A new arxiv paper explores the Focused Transformer: Contrastive Training for Context Scaling

From the paper:

Large language models have an exceptional capability to incorporate new information in a contextual manner. However, the full potential of such an approach is often restrained due to a limitation in the effective context length. One solution to this issue is to endow an attention layer with access to an external memory, which comprises of (key, value) pairs. Yet, as the number of documents increases, the proportion of relevant keys to irrelevant ones decreases, leading the model to focus more on the irrelevant keys. We identify a significant challenge, dubbed the distraction issue, where keys linked to different semantic values might overlap, making them hard to distinguish. To tackle this problem, we introduce the Focused Transformer (FoT), a technique that employs a training process inspired by contrastive learning. This novel approach enhances the structure of the (key, value) space, enabling an extension of the context length. Our method allows for fine-tuning pre-existing, large-scale models to lengthen their effective context. This is demonstrated by our fine-tuning of 3B and 7B OpenLLaMA checkpoints. The resulting models, which we name LongLLaMA, exhibit advancements in tasks requiring a long context. We further illustrate that our LongLLaMA models adeptly manage a 256k context length for passkey retrieval.

A ChatGPT-4 summary of the FoT approach:

Large language models boast an exceptional capacity to contextualize new information. However, their full potential often faces constraints due to a limitation in the effective context length. This problem can be partly addressed by enabling an attention layer to access an external memory, consisting of (key, value) pairs. But as the number of documents grow, the model may veer towards focusing on irrelevant keys rather than the useful ones, due to a decrease in the proportion of relevant keys.

This leads to a significant challenge we’ve termed the ‘distraction issue’, where keys associated with differing semantic values may overlap, making them hard to differentiate.

In response to this challenge, we present the Focused Transformer (FoT), a method utilizing a contrastive learning-inspired training process. This innovative approach refines the structure of the (key, value) space, thus enabling an expansion of the context length.

The FoT method enables the fine-tuning of existing large-scale models, lengthening their effective context. As a case in point, teams have fine-tuned the 3B and 7B OpenLLaMA models, and the subsequent models showing remarkable progress in tasks requiring an extended context. Notably, LongLLaMA models expertly handle a 256k context length for passkey retrieval.

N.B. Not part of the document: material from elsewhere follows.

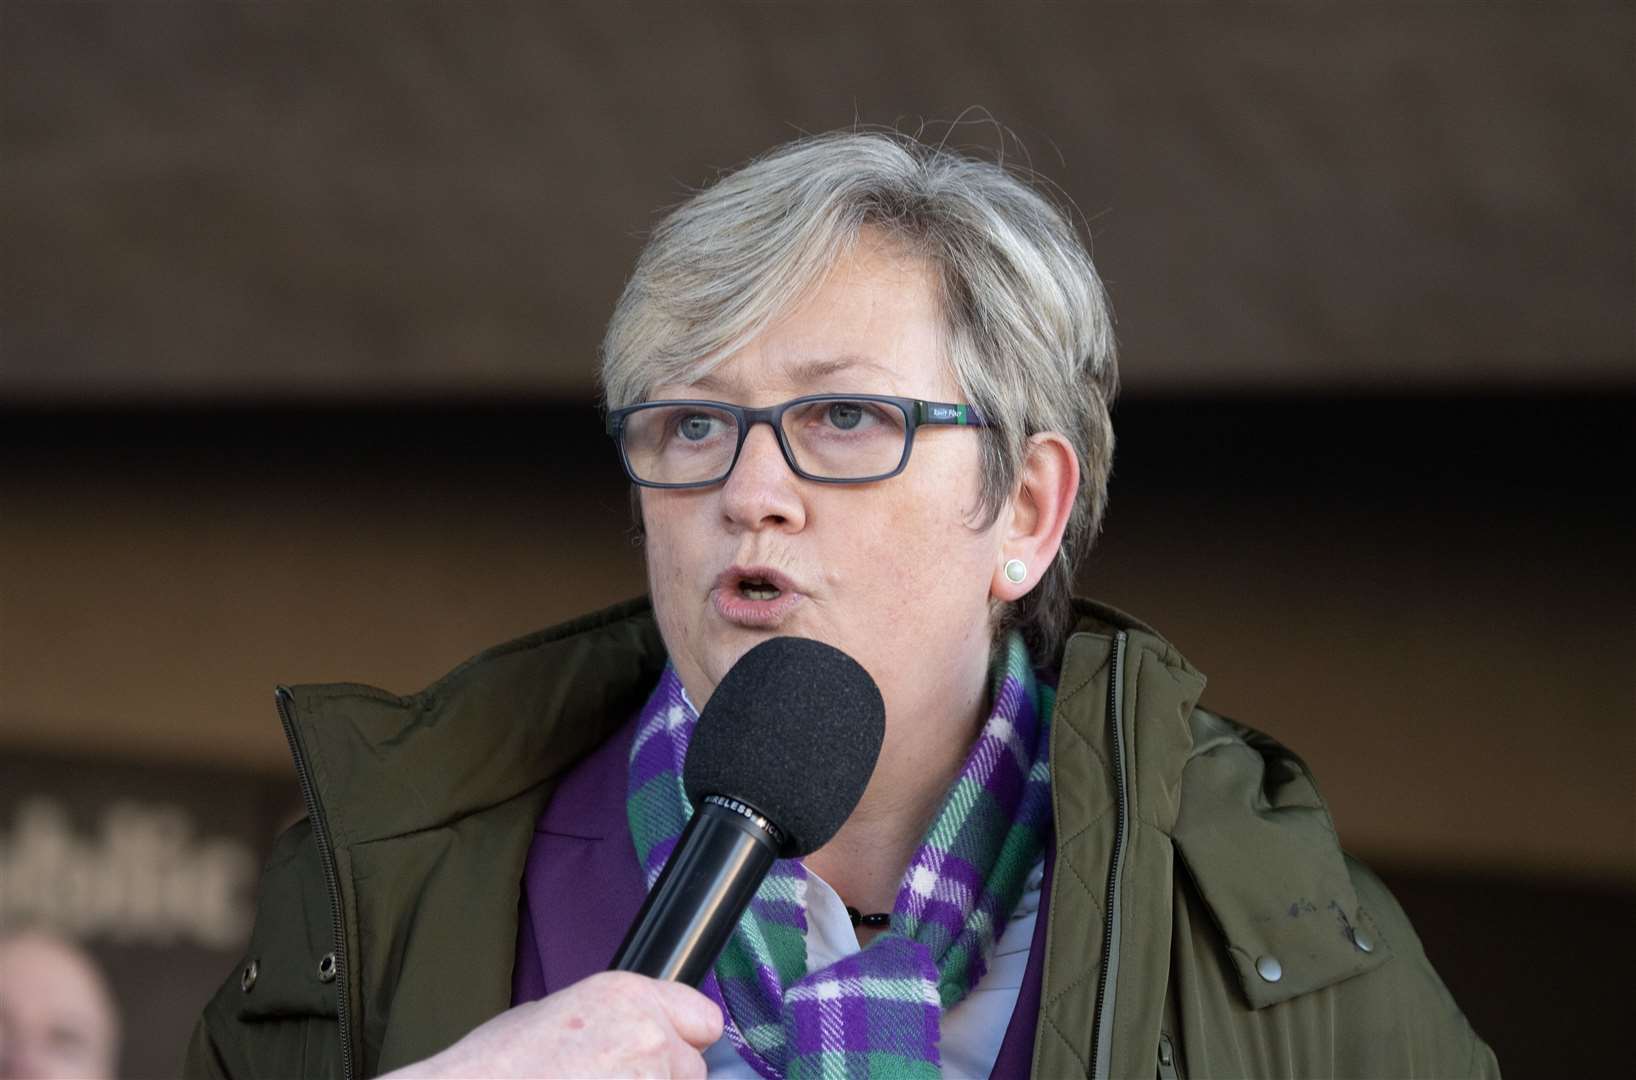 Joanna Cherry, who has clashed with Nicola Sturgeon particularly over gender issues, called for ‘reform and healing’ in their party (Lesley MArtin/PA)

We’ve used OpenLLaMA-3B and OpenLLaMA-7B models trained for 1T tokens as starting points and fine-tuned them with FoT. The result? Our LongLLaMA models can extrapolate beyond their training context length, even up to 256K, while retaining the performance on short-context tasks.

Here are more figures: LongLLaMA achieves a context accuracy of 95% for 100k and a still significant 73% at 256k. These advancements indicate a notable breakthrough for language models and their contextual capacity.

FoT offers a practical and potent method to extend the effective context length of existing large models, paving the way for a future where language models can more intelligently and comprehensively handle extended contextual information.